Konsep Carl Rogers tentang
kepribadian
Berbagai istilah dan konsep yang muncul dalam penyajian teori Rogers mengenai kepribadian dan perilaku yang sering memiliki arti yang unik dan khas dalam orientasi sebagai berikut :
1. Pengalaman
Pengalaman mengacu pada dunia pribadi individu. Setiap saat, sebagian dari hal ini terkait akan kesadaran. Misalnya, kita merasakan tekanan pena terhadap jari – jari kita seperti yang kita tulis. Beberapa mungkin sulit untuk membawa ke dalam kesadaran, seperti ide, “Aku orang yang agresif”. Sementara kesadaran masyarakat yang sebenarnya dari total lapangan pengalaman mereka mungkin terbatas, setiap individu adalah satu – satunya yang bisa tahu itu seluruhnya.
2. Realitas
Untuk tujuan psikologis, realitas pada dasarnya adalah dunia pribadi dari persepsi individu, meskipun untuk tujuan sosial realitas terdiri dari orang – orang yang memiliki persepsi tingkat tinggi kesamaan antara berbagai individu. Dua orang akan setuju pada kenyataan bahwa orang tertentu adalah politisi. Satu melihat dirinya sebagai seorang wanita baik yang ingin membantu orang dan berdasarkan kenyataan orang menilai untuk dirinya. Kenyataannya orang lain adalah bahwa politisi menyisihkan uang untuk rakyat dalam memiliki tujuan untuk memenangi hati dari rakyat. Oleh karena itu orang ini memberi suara padanya (wanita). Dalam terapi, di sebut sebagai merubah perasaan dan merubah persepsi.
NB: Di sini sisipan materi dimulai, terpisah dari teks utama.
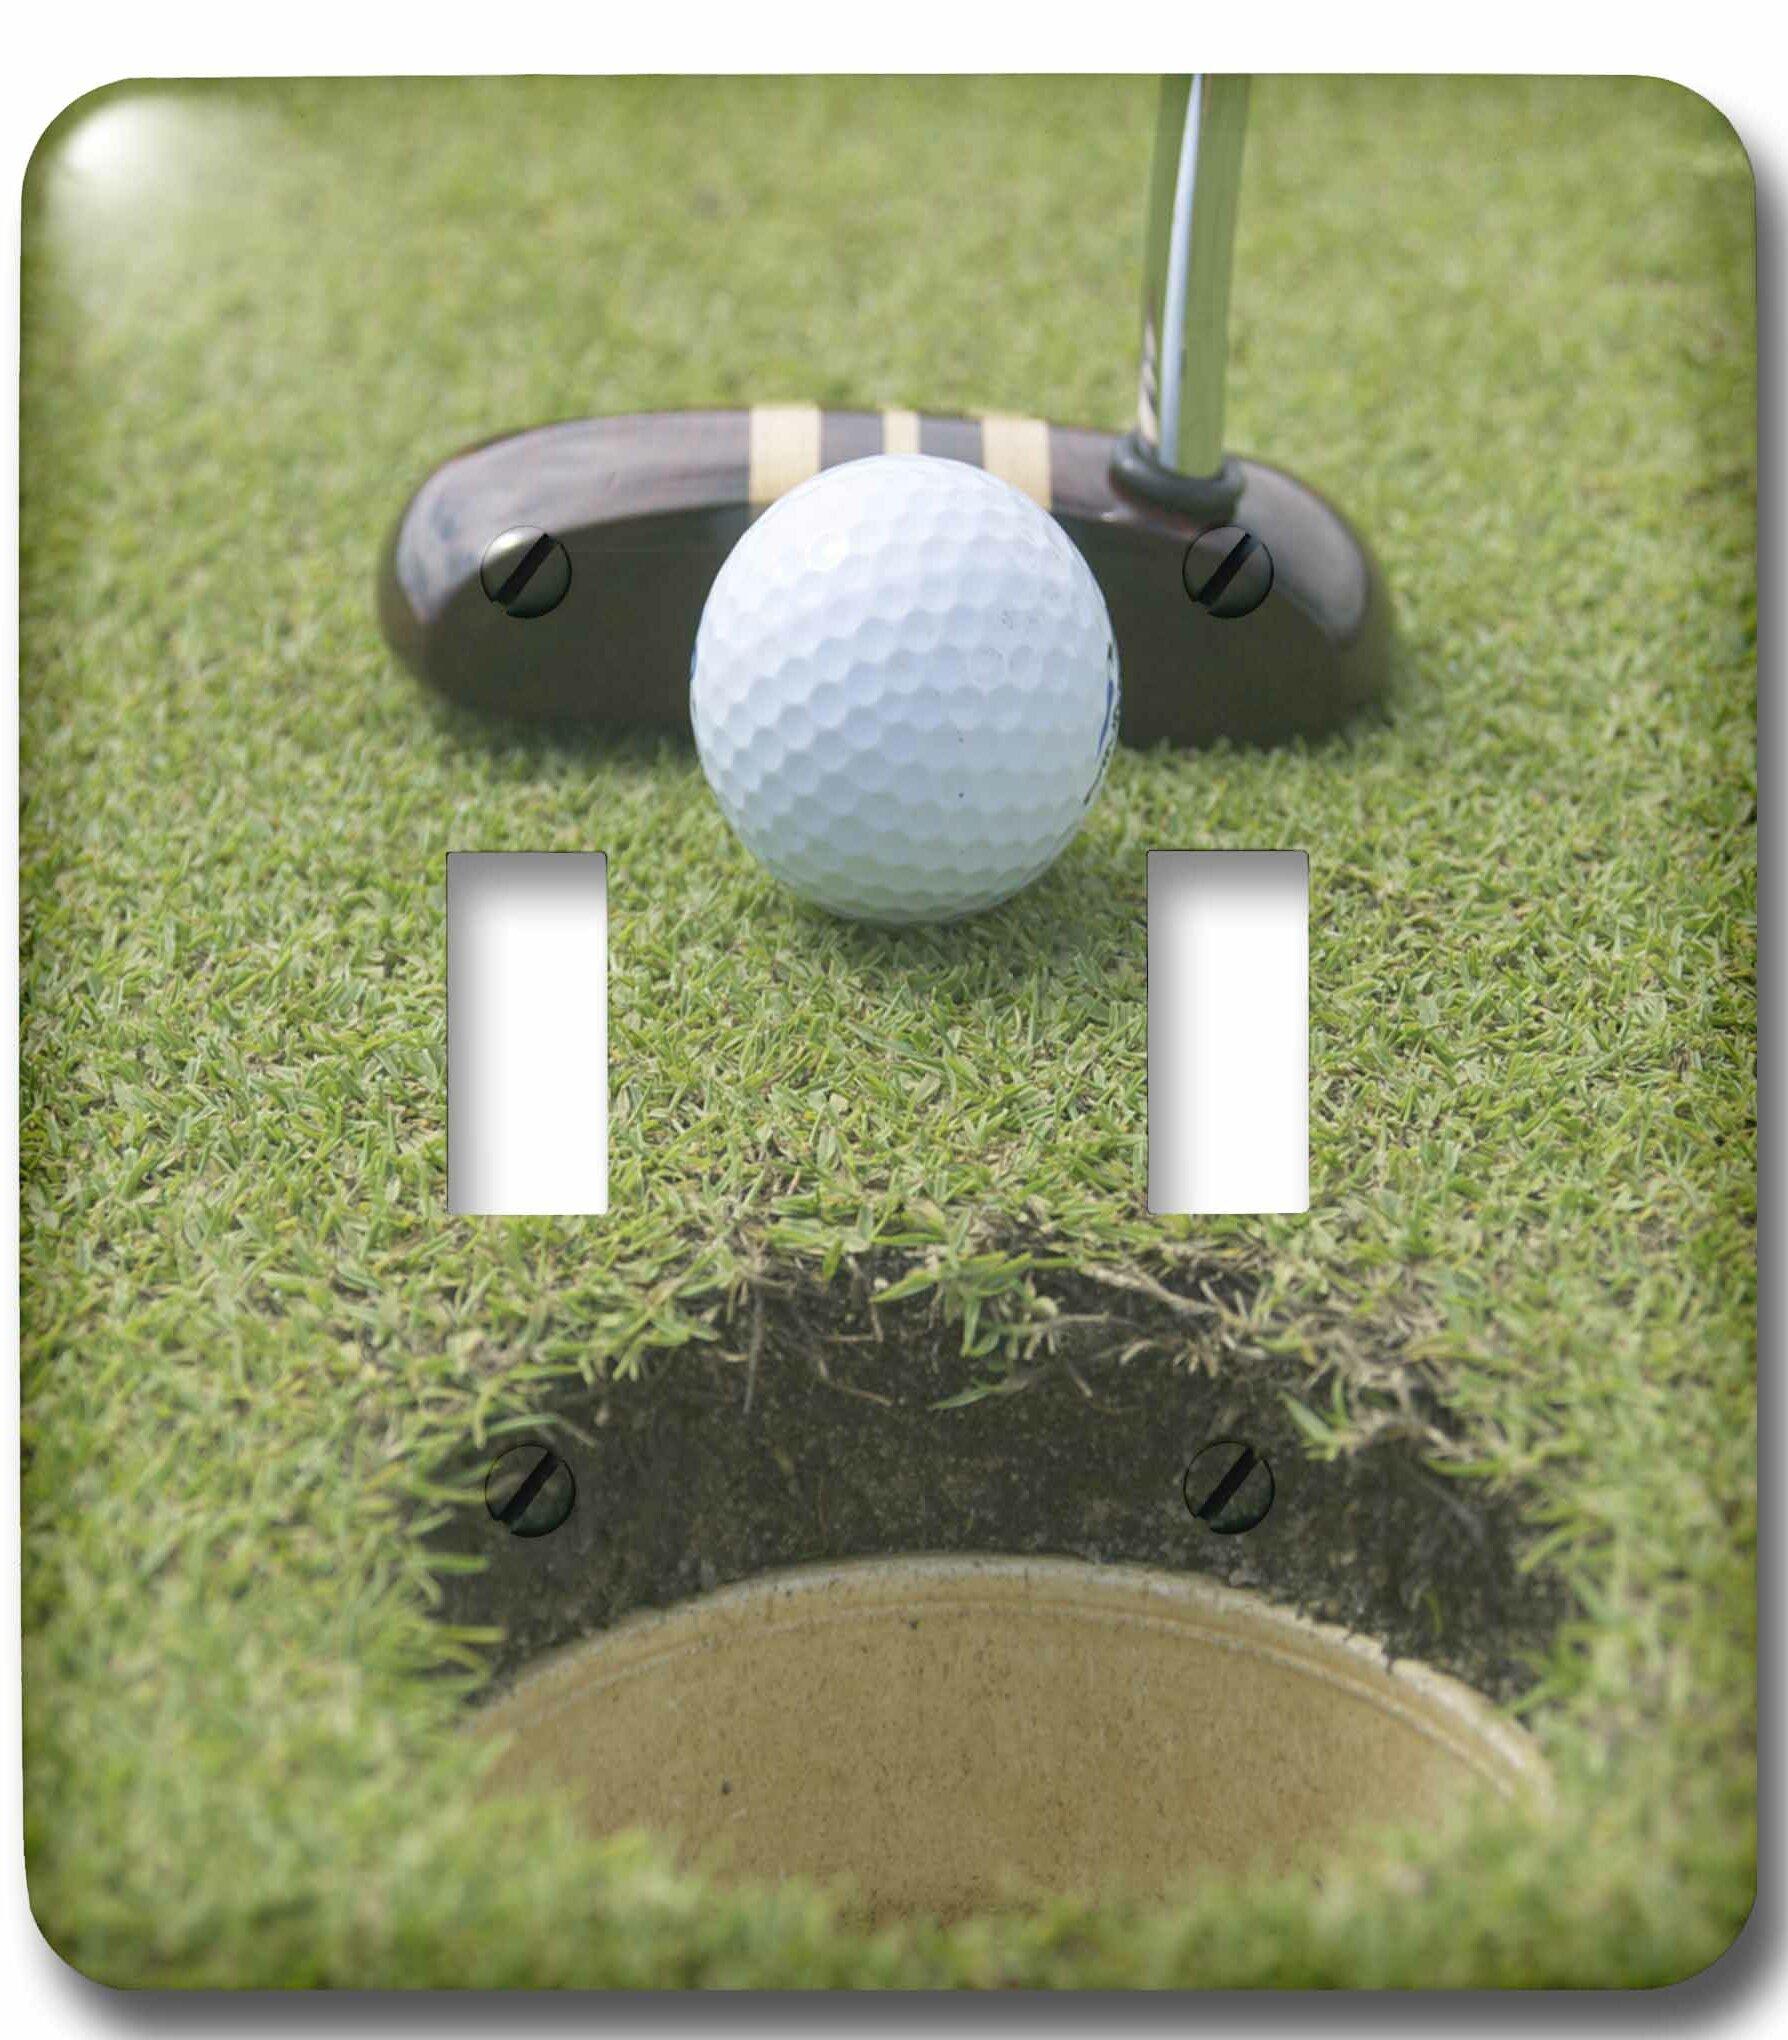 3drose Punta Blanca Golf Club 2 Gang Toggle Light Switch Wall Plate Wayfair

3. Organisme Bereaksi sebagai Terorganisir yang utuh
Seseorang mungkin lapar, tetapi karena harus menyelesaikan laporan. Maka, orang tersebut akan melewatkan makan siang. Dalam psikoterapi, klien sering menjadi lebih jelas tentang apa yang lebih penting bagi mereka. Sehingga perubahan perilaku di arahkan dalam tujuan untuk di klasifikasikan. Seorang politisi dapat memutuskan untuk tidak mrncalonkan diri untuk mendapatkan jabatan karena ia memutuskan bahwa kehidupan keluarganya lebih penting dari pada mencalonkan diri sebagai pejabat.
4. Organisme mengaktualisasi kecenderungan (The Organism Actualizing Tendency)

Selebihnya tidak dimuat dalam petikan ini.